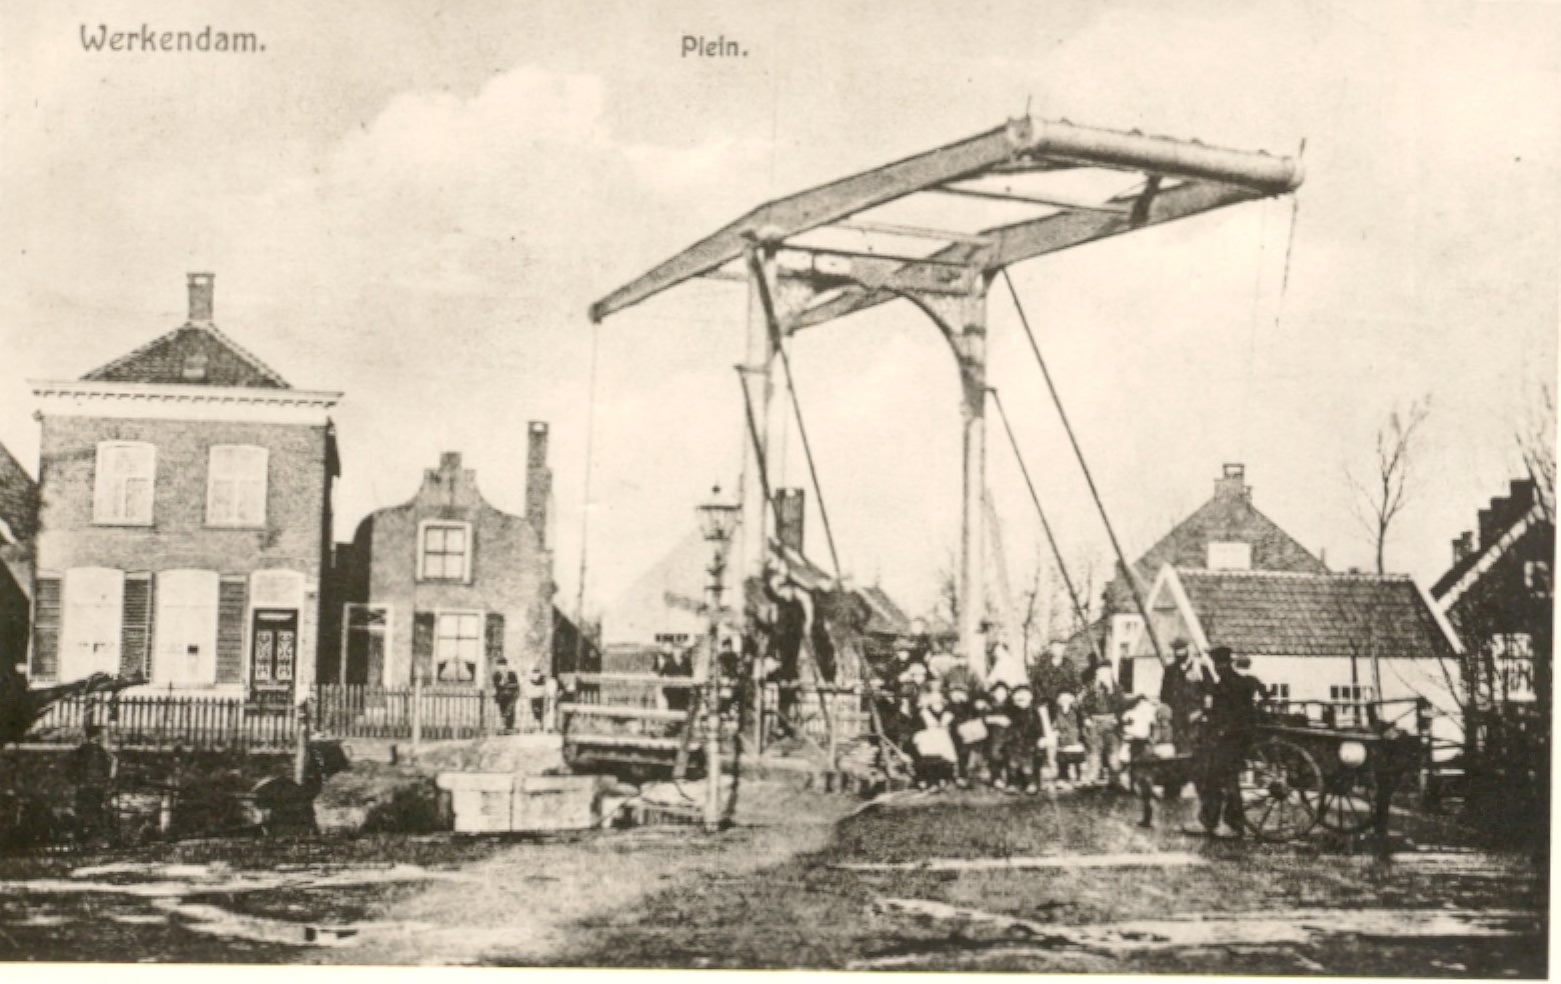 Werkendam, Het Plein met de nieuwe ophaalbrug ter ontsluiting van de buurten Zevenhuizen en Koppenhof, ca. 1915
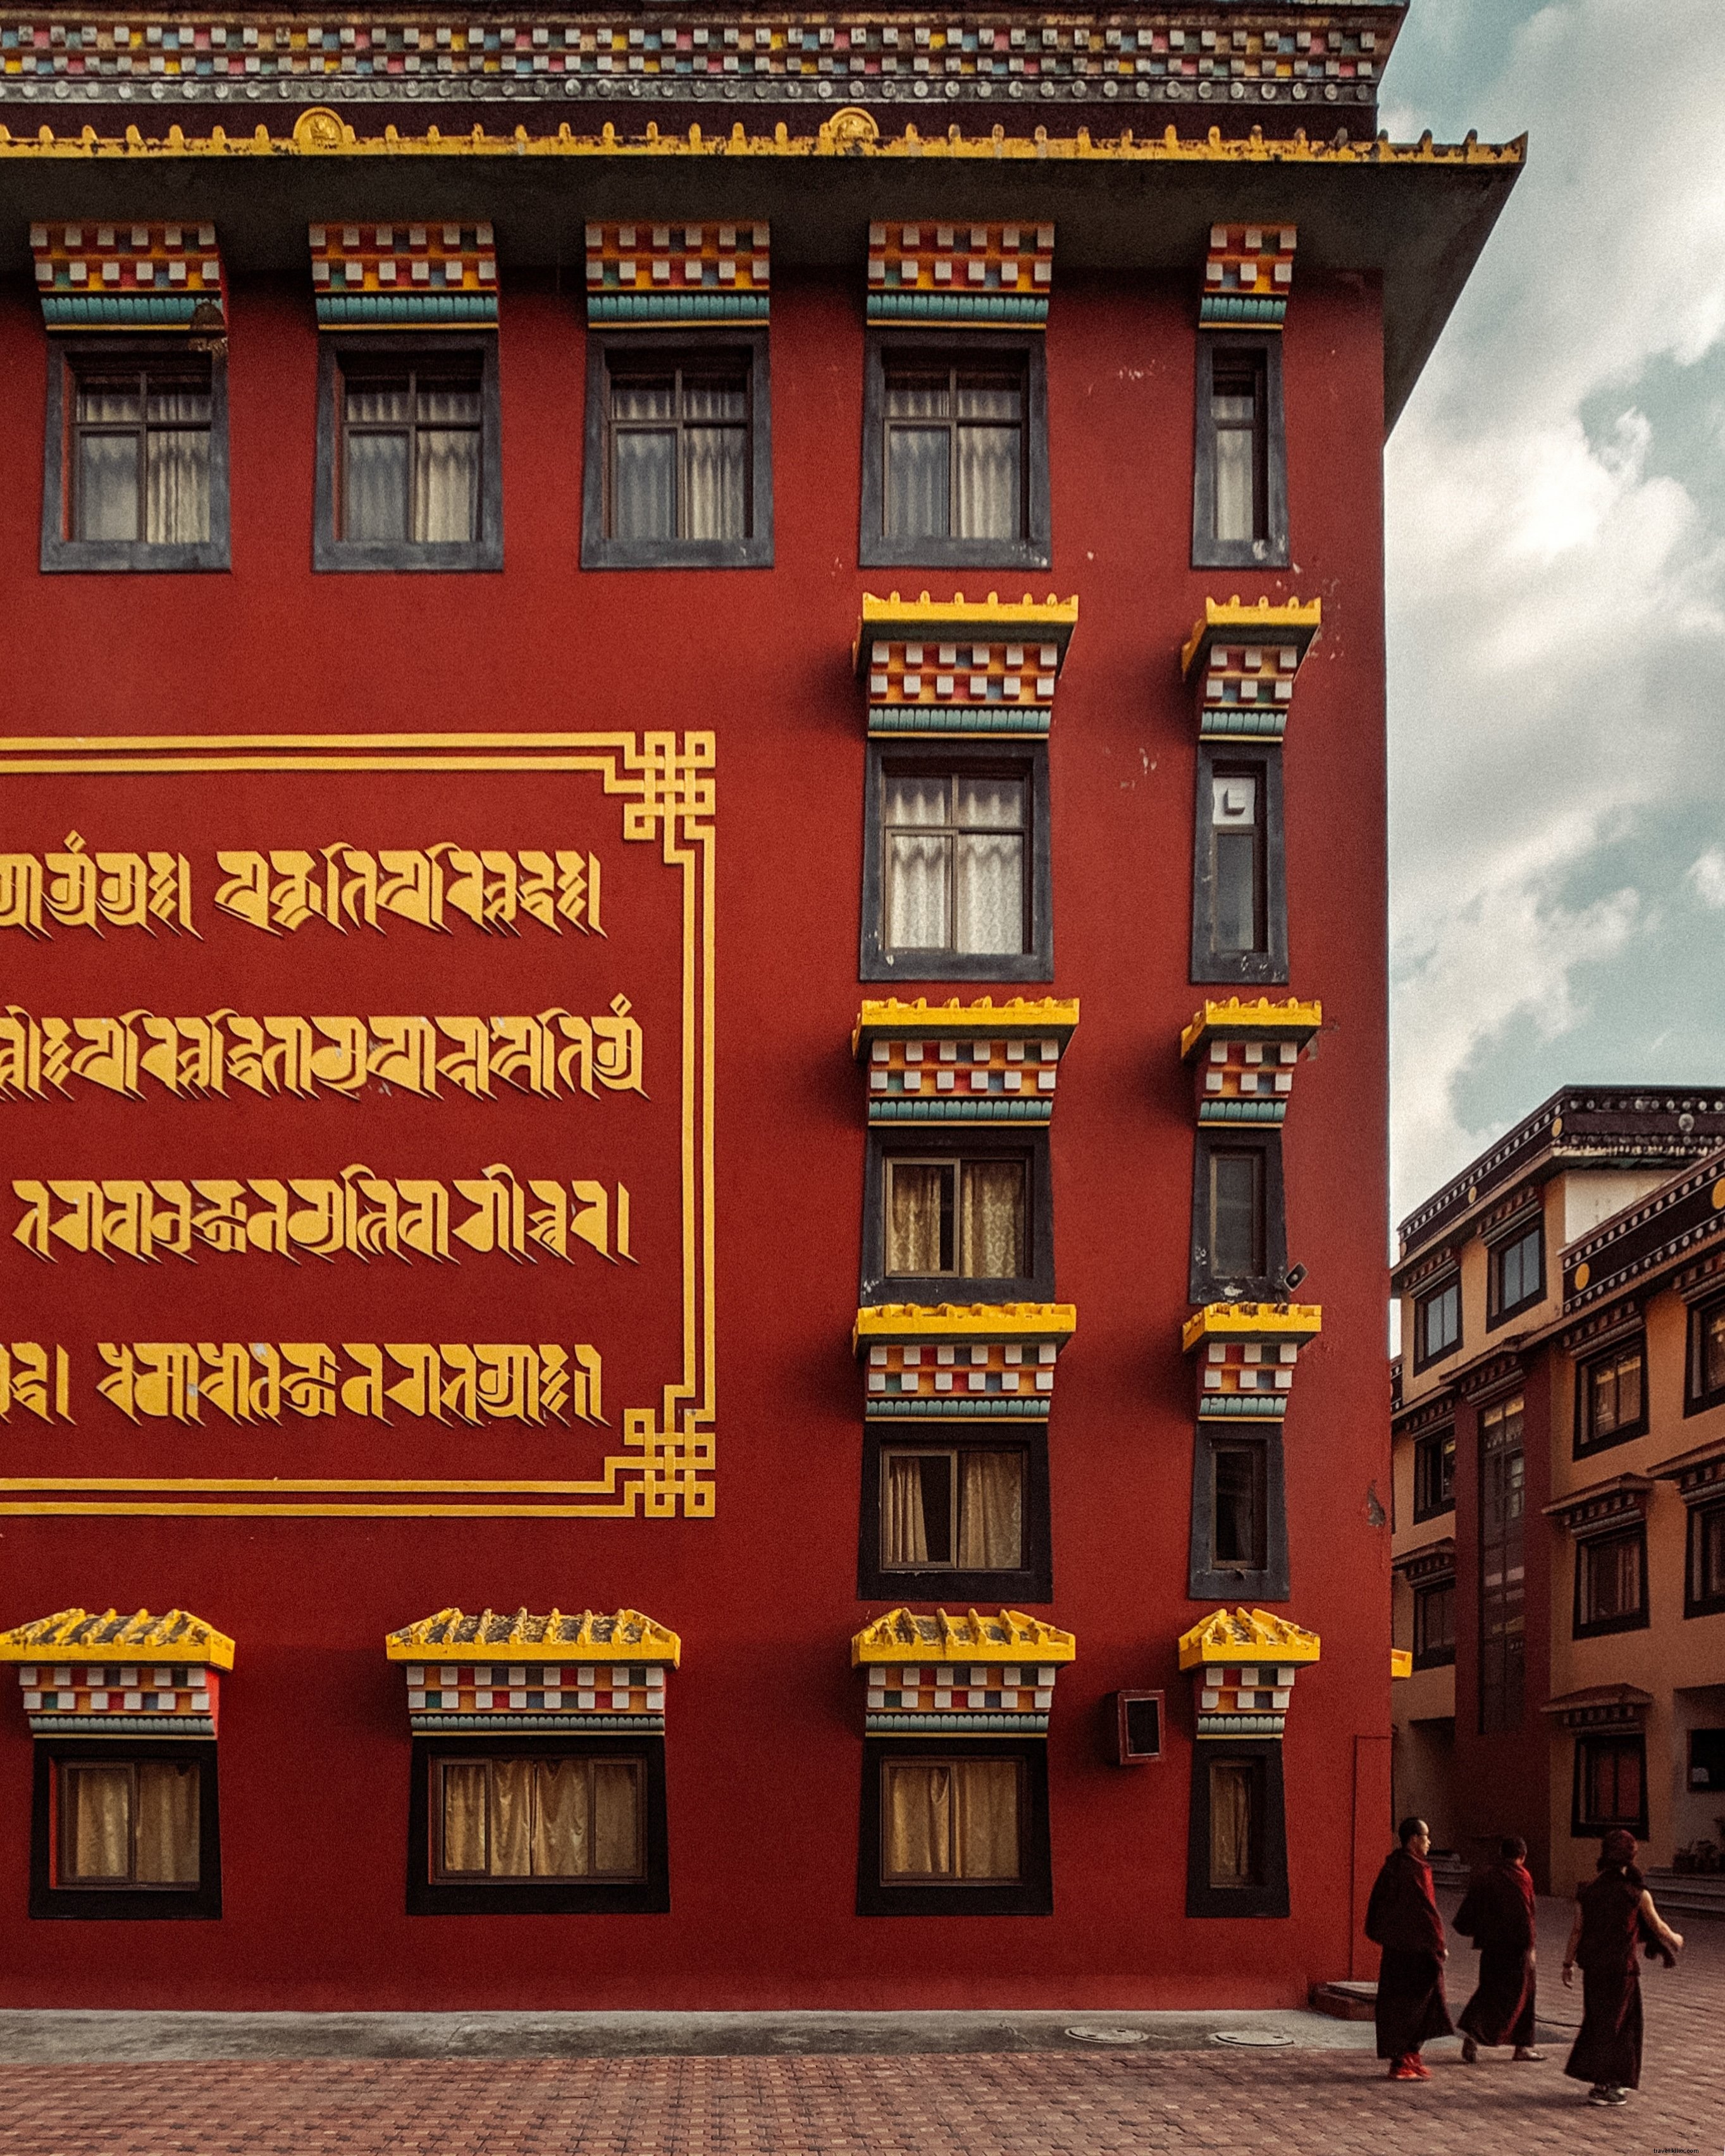 Um edifício carmesim com escrita dourada nas paredes da foto
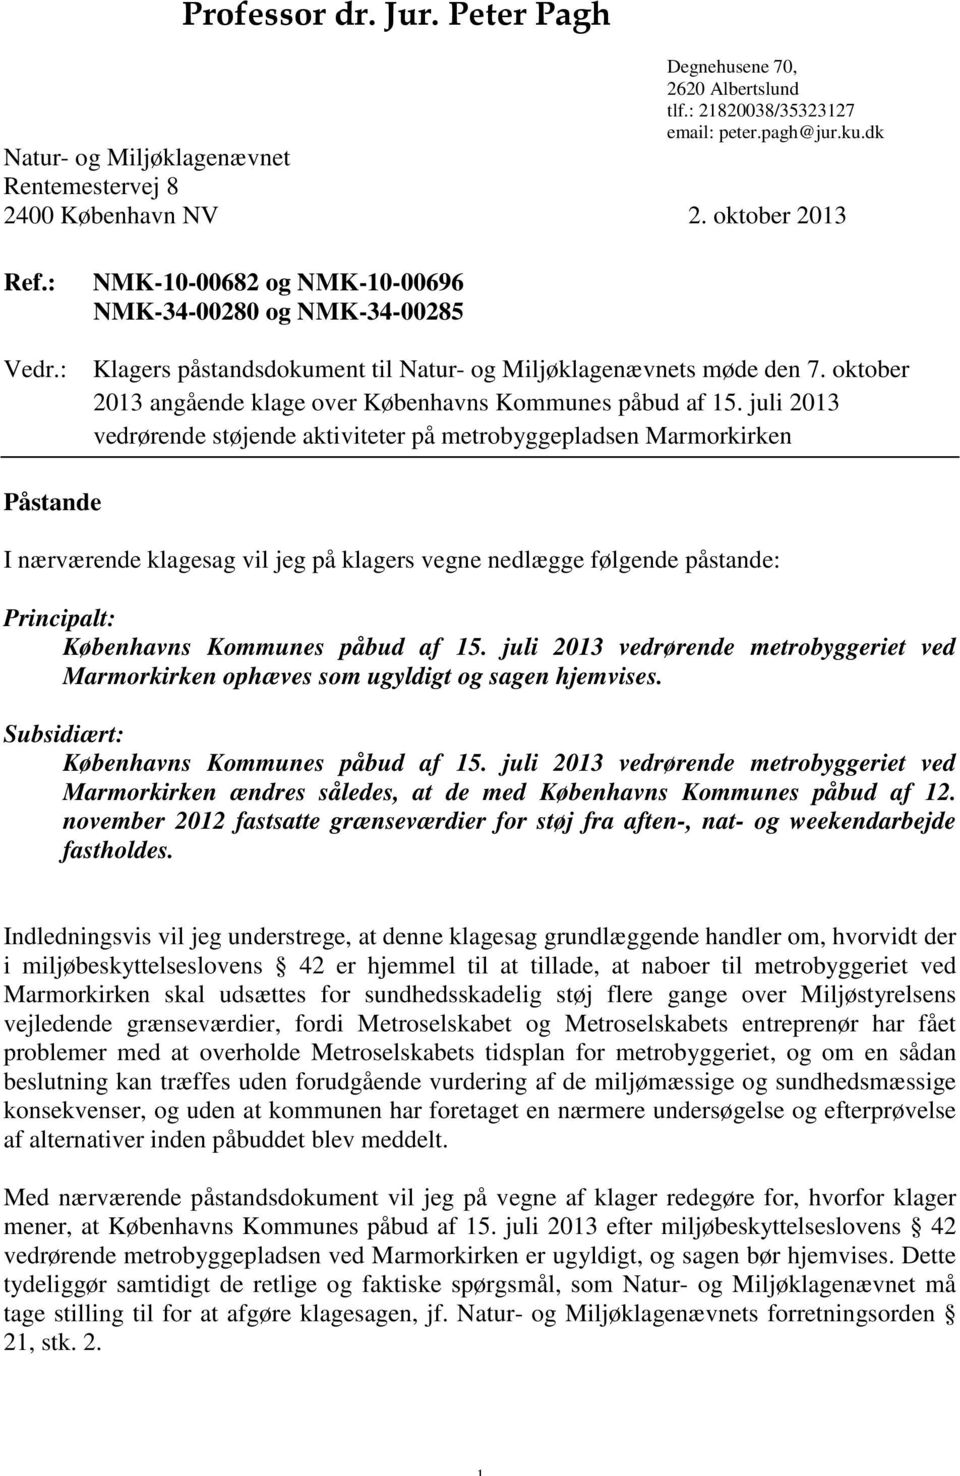 oktober 2013 angående klage over Københavns Kommunes påbud af 15.
■ ■ ■ ■ ■ ■ ■
### YOUR INSTRUCTIONS
Exactly as written, return each line above and leave the pictures behind.

### PROBLEM SOLUTION
 Werkendam, Het Plein met de nieuwe ophaalbrug ter ontsluiting van de buurten Zevenhuizen en Koppenhof, ca. 1915
 Um edifício carmesim com escrita dourada nas paredes da foto
 oktober 2013 angående klage over Københavns Kommunes påbud af 15.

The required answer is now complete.